Flute VST’s are by no means the most popular types of virtual synths, however, they definitely have their place. If you are a producer who writes film-scores, then these types of VST’s are perfect.
It is my opinion that the best flute VST’s actually sound incredibly realistic and dynamic. You can definitely find some plug-ins that just simply sound bad, however, don’t let that discourage you.
Note: I’ve personally tried all of these samples and VST’s below and picked out a few of my favorites that I feel are the highest quality.
I recently just wrote about some of my favorite trumpet VST’s in this post here.
Best Flute VST’S
East-West Orchestral Woodwinds
- Woodwinds Virtual Instrument Plug-in with Extensive Articulations
- Included Internal Hard Drive - PC AAX
- 5 Adjustable Mic Postions
The sounds on the East-West woodwinds are incredible. In particular, I love the flute sounds. The sound engineering was done by Shawn Murphy, who is an extremely accomplished sound engineer.
What I really like about this plug-in is the sound and effects. It’s extremely easy to use once installed and it high-quality.
I would recommend this to music producers who are working on film scoring as these sounds were developed specifically for films.
Some of my favorite flute sounds that you can find from VST’s today. I really like how much I can get in and tweak each sound as well. On the bottom left of the plug-in you will notice that there’s an attack, sustain, hold, decay, and release button.
You can use these to instantly tweak what you’re working with in the sound department.
This is a CPU intensive program, so be sure that you have a fast computer or MAC to run it on. With this being said, I think this is a great VST that you will get a ton of use out of.
Impact SoundWorks is no stranger to making great products. With this you are getting a ton of different woodwind sounds that all sound realistic.
The dynamics are key with the Ventus Ethnic Winds sample pack.

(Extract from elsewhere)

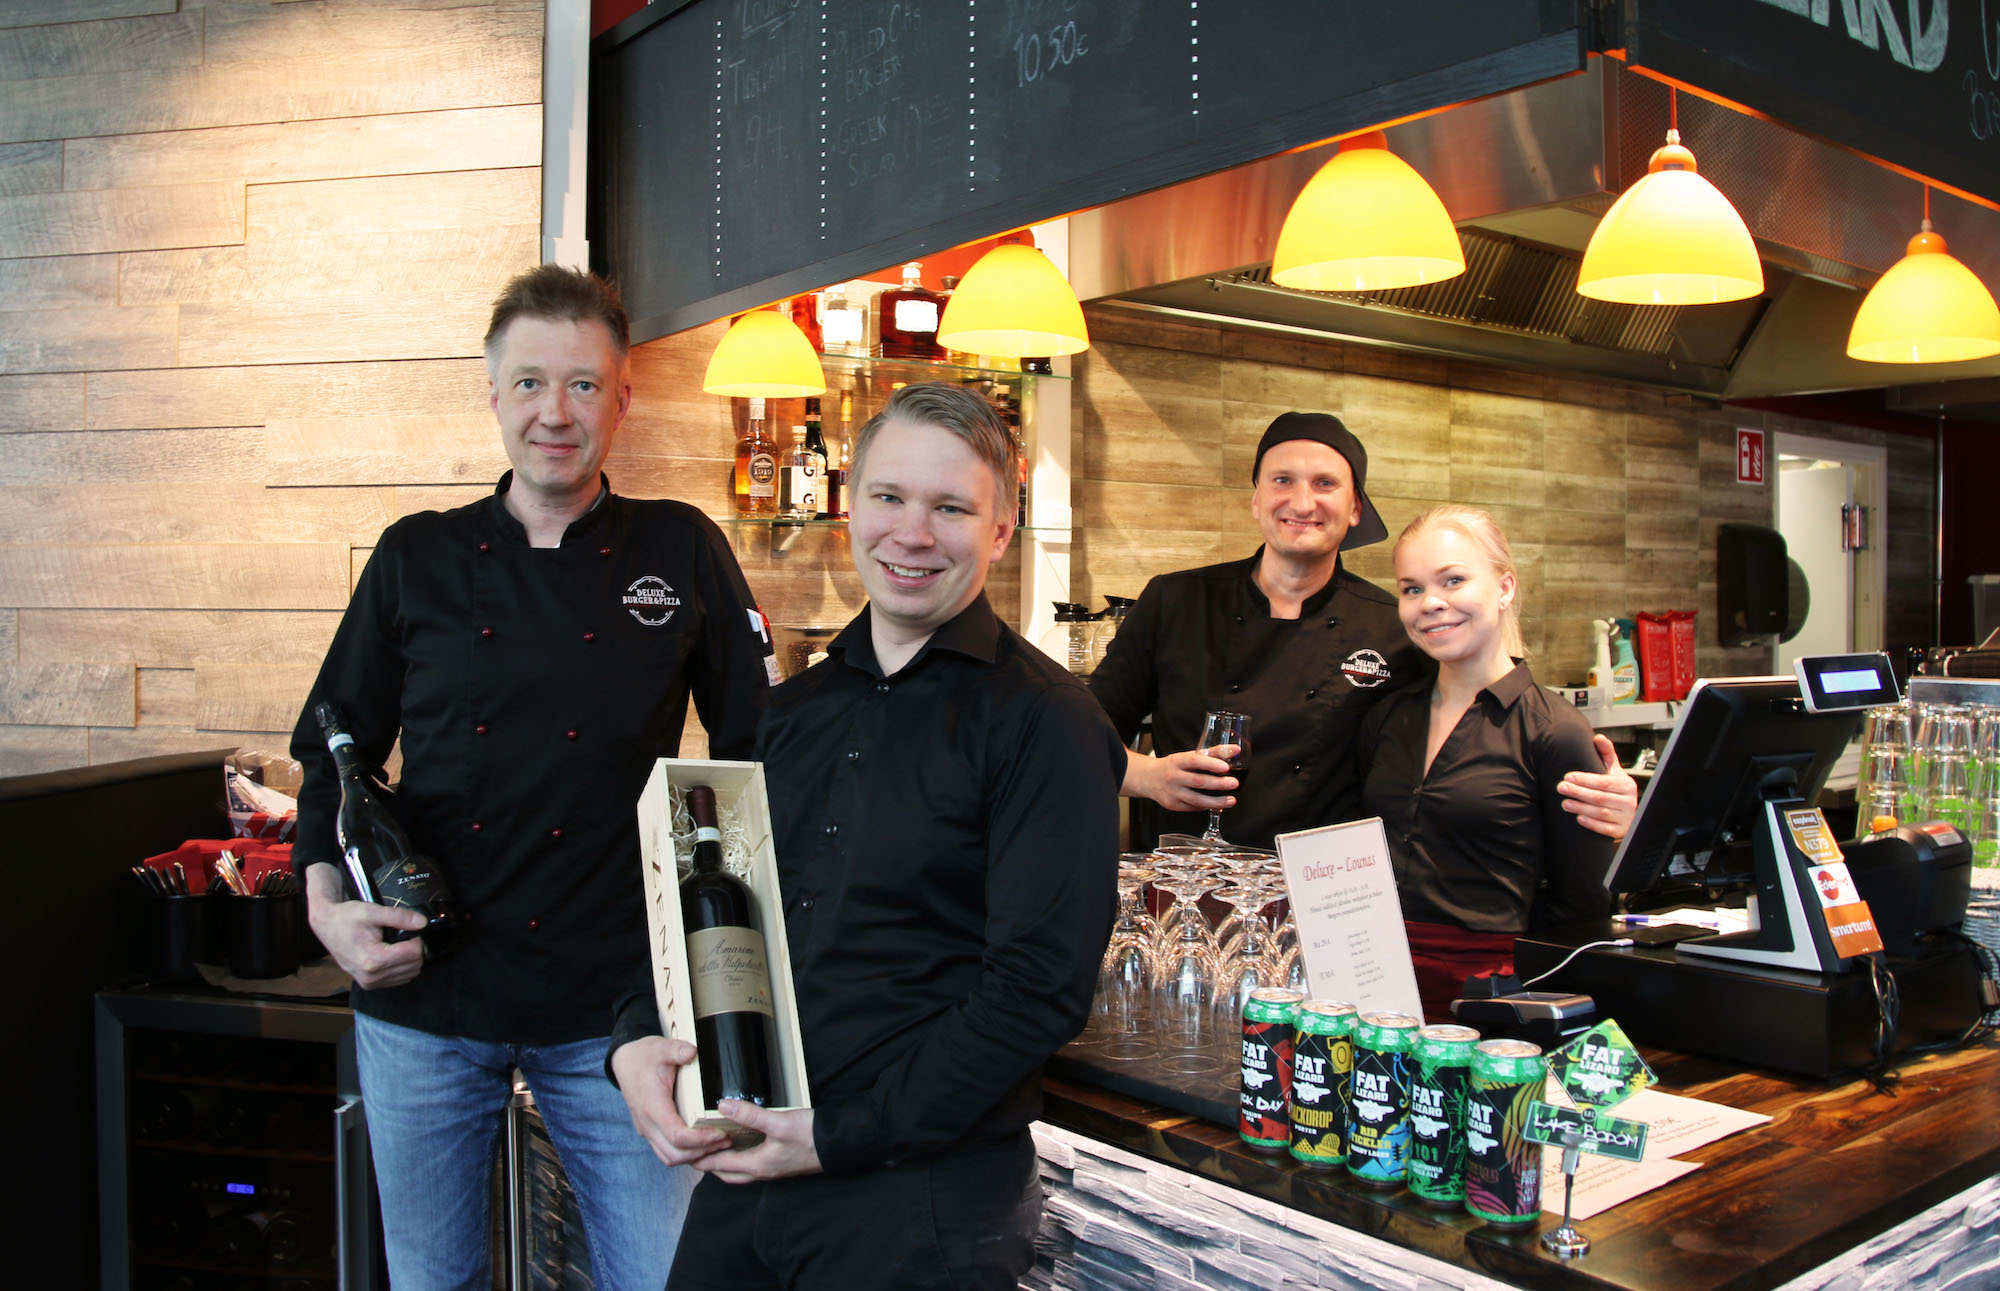 Deluxe Burger & Pizza Tony, Mikko ja henkilökuntaa
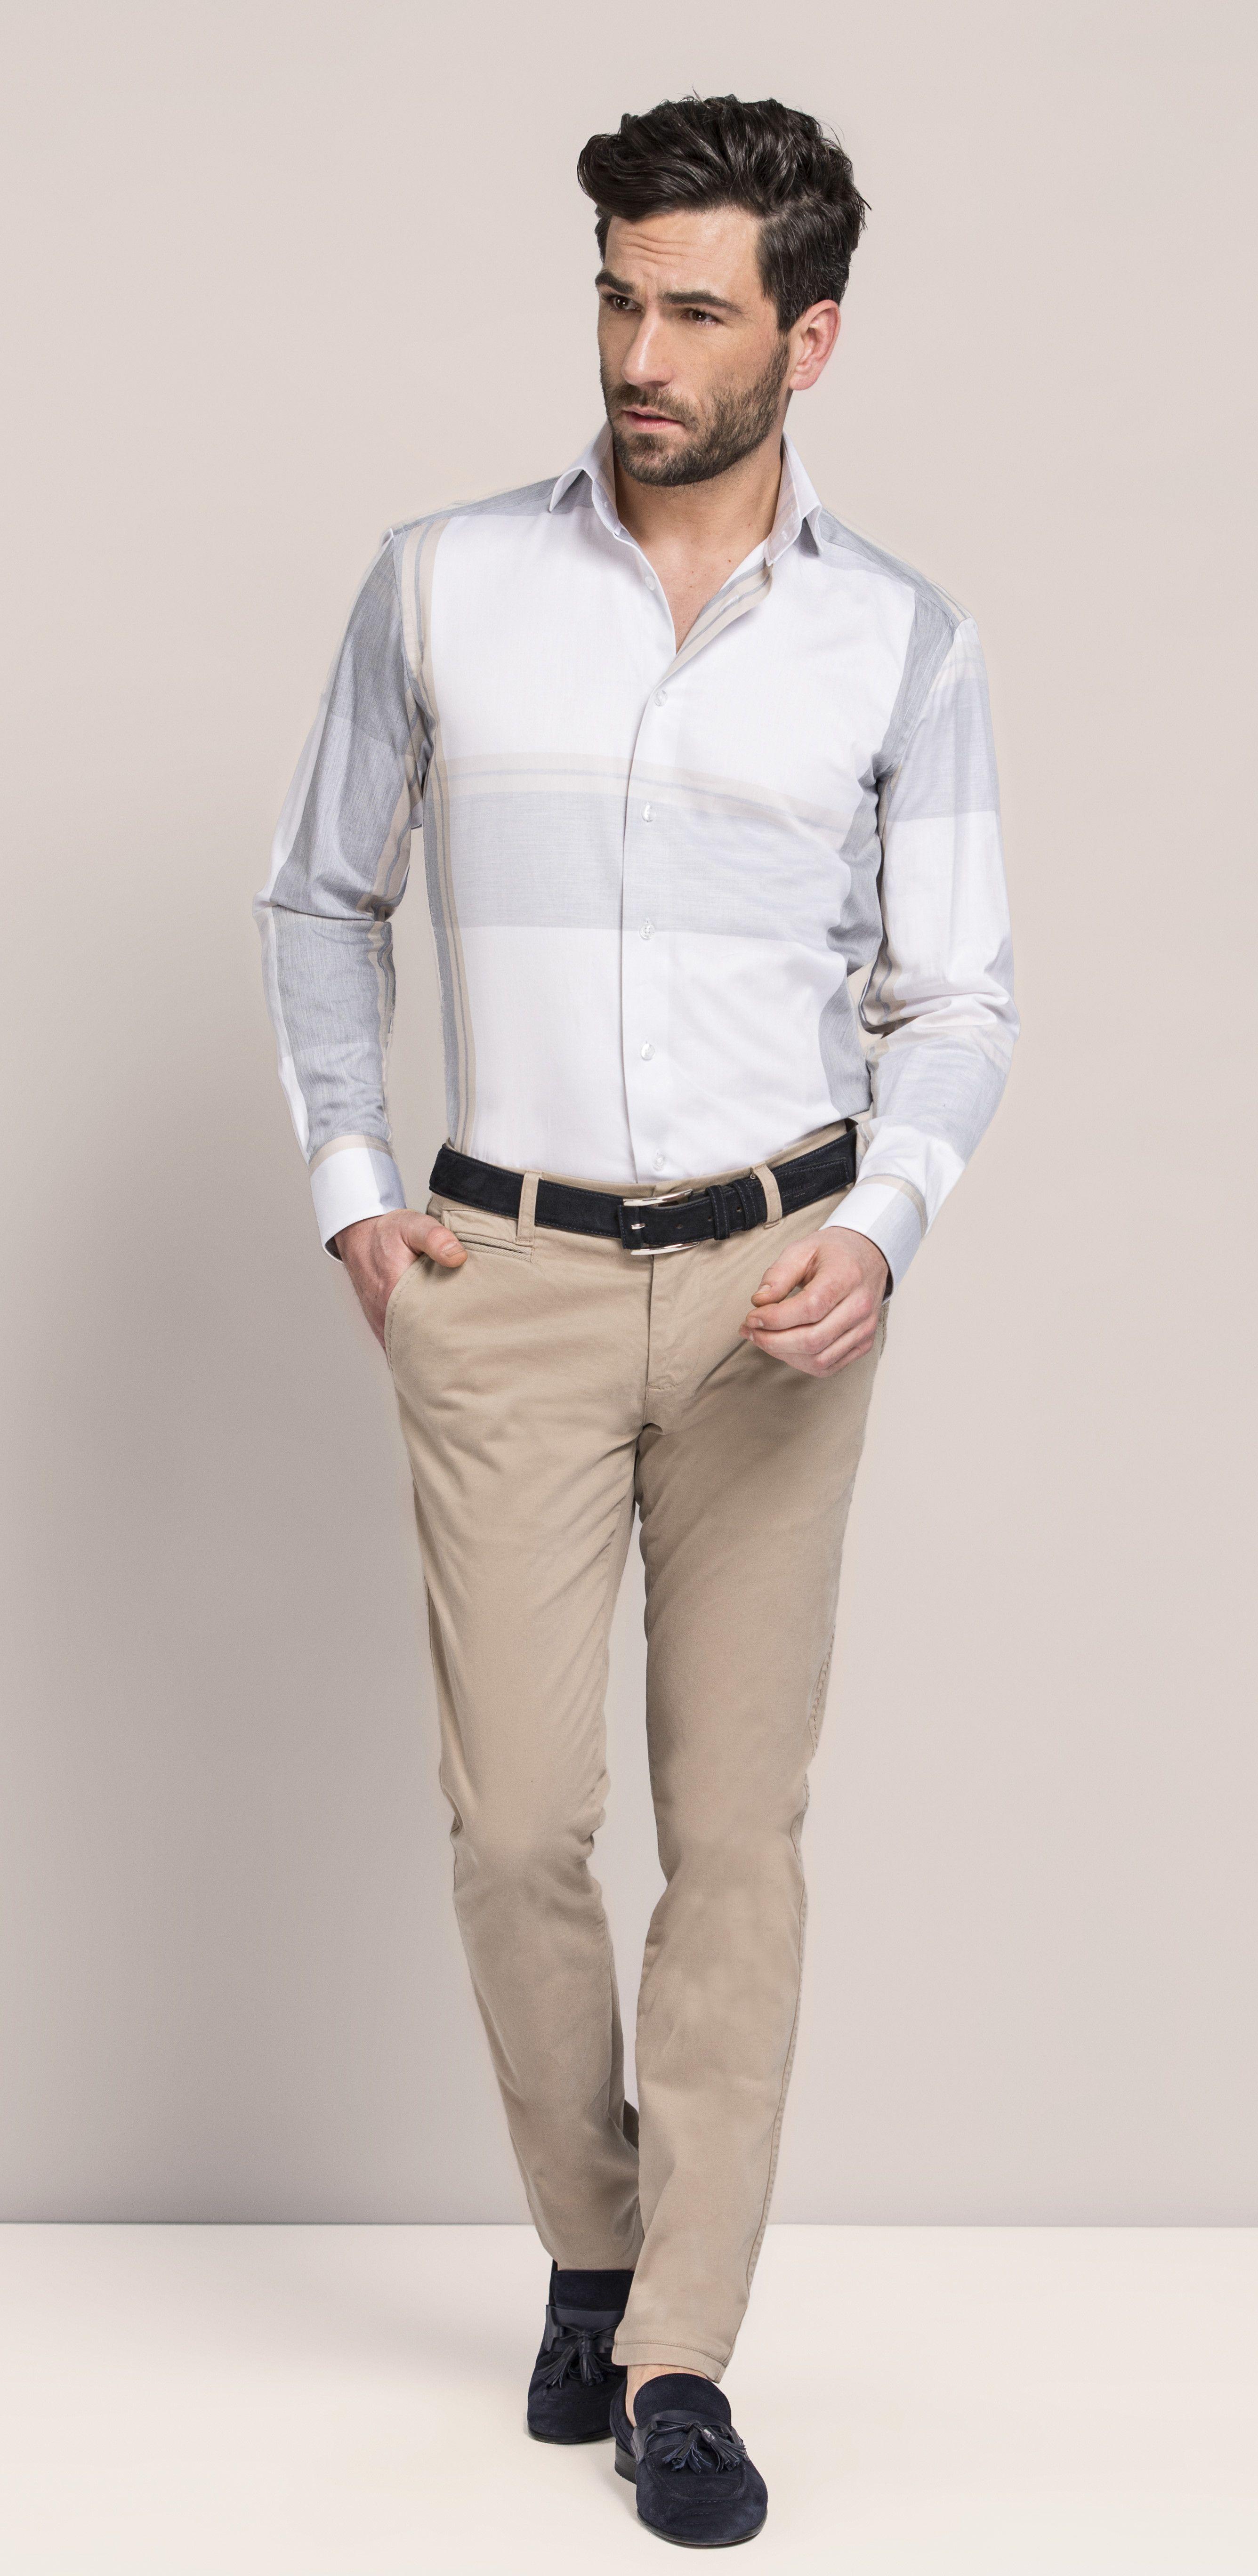 809e264426 Look masculino com camisa social branca e calça bege.

This is available through Kontakt, just like a bunch of other sampled instruments. You can program different attacks for each note that you play and I think this is awesome.
The interface has a lot of different controls and they are intuitively laid out for easy of use.
My favorite part of this VST is that you can program the vibrato to aftertouch. This means that if your keyboard has aftertouch, you can play a melody and use vibrato by holding notes down. This leads to some incredibly realistic sounding instruments.
Have a listen to some of these sounds below.
This is a rather expensive woodwind sample pack, however, if you can swing it, it’s great. Impact SoundWorks is truly doing a great job with their VST’s and samples.
Note: Ventus Ethnic Winds works great for keyboard players who are going to be playing the melodies and using samples.
Are you currently using a MIDI keyboard? Check out this article on some of my favorites here:
Passion Flute is an amazing sample pack from Orange Tree Samples that is great for many different styles of music. If you are a fan of the Impact SoundWorks samples, you will love these as well.
The main thing that Passion Flute accomplishes outside of its realistic sounds is the playability on the keyboard. This is probably the best playing sample pack that I have played. The dynamics are unreal when you play the parts in from your keyboard.
I always say that playing keyboards helps with producing music, and this sample pack is a testament to that statement.
With this sample pack, you are getting 1.15 GB of flute sounds. This is an huge amount of sounds, but this is also CPU intensive seeing how it’s so large.
I personally love the overall sounds of these samples. The dynamics really set it apart from other samples. It has different effects and phrases with growls, screams, and flutter-tonguing that sound great.
Modeled vibrato is a feature that I really like here. It is modeled after real sounding flutes to give it a nice and crisp finish.
Overblown notes is something that’s a little bit different and it’s really cool. It does exactly what it sounds like by creating playable harmonics.
One of my favorite flute VST’s to date. I think Passion Flute has a lot to offer all music producers.
What To Look For?
The Sound: Ultimately, the sound is going to be the most important. Sometimes you will find certain VST’s that just sound really good, even if they’re free. If you’re getting a great sound in the end, that’s what you want.
How Many Instruments Come With The VST? Certain VST’s or libraries will come with a bunch of different instruments that you can experiment with. Since we’re looking at flutes, maybe look to see if these VST’s also include other wind instruments. Often times they will and you will be able to find sounds that you can use for your production.
Dynamics: Included with the sound will be the dynamics of each sound. Does it capture the realism that a real flute would? I am surprised without organic a lot of wind VST’s are sounding. Companies are spending some quality time capturing some amazing samples and it really shows in their products.
My Experience With Flute VST’S
I have been using different VST’s for about 6 years now creating and producing music. I’ve found that modern production is basically becoming a game of who can be the most creative with their sounds.
You probably wouldn’t expect to hear many flutes in pop music 10 years ago, now it’s something that really wouldn’t shock me one bit, especially with all of the effects you can add.
If you would like to dive deeper into some more sounds, check out this article on my favorite mellotron VST’s here.
The world of music production is ever-changing, so be sure to stay up to date by checking out new sounds as much as you can.